*EXERCISE PROMPT:*
Each line of the data below from the one holding "カモイ マスキングテープ SR-100 6mm巾×18m長 200巻 - 1" to the one holding "Saint Laurent® Square", inclusive, is to be reproduced exactly; no other line belongs in the answer.

*INFORMATION SUPPLIED:*
○ ○ ○ ○

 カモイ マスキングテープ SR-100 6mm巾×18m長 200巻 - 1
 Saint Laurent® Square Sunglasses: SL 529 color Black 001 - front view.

○ ○ ○ ○

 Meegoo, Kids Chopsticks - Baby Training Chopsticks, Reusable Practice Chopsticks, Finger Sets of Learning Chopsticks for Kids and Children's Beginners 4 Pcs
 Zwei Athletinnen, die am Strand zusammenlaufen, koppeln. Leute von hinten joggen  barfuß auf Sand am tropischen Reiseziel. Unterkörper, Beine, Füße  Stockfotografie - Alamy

○ ○ ○ ○

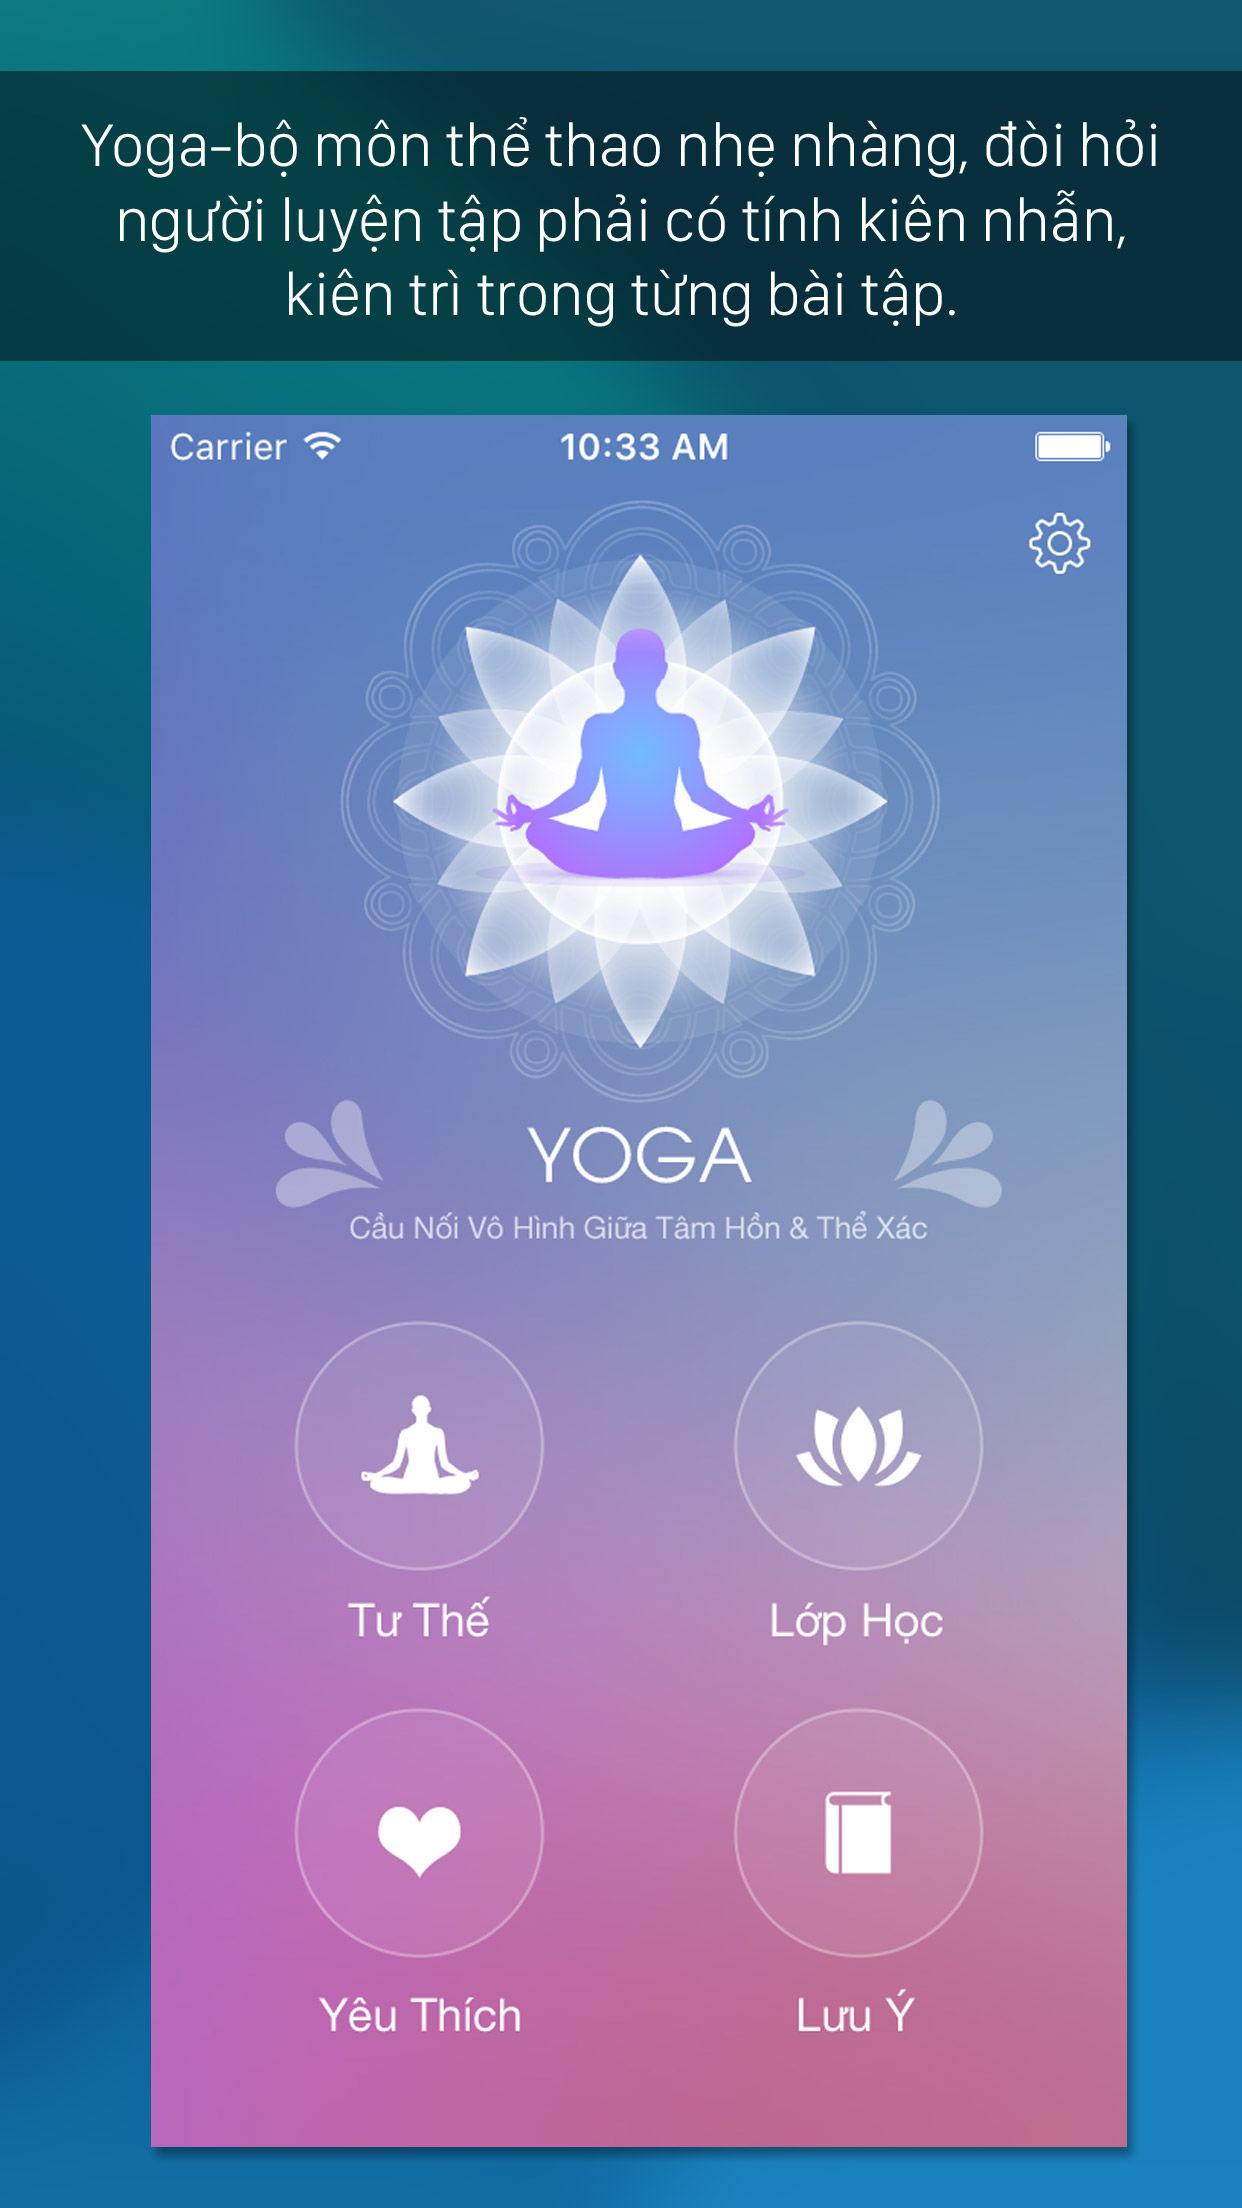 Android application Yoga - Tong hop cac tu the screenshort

○ ○ ○ ○

*ANSWER BOX:*
 カモイ マスキングテープ SR-100 6mm巾×18m長 200巻 - 1
 Saint Laurent® Square Sunglasses: SL 529 color Black 001 - front view.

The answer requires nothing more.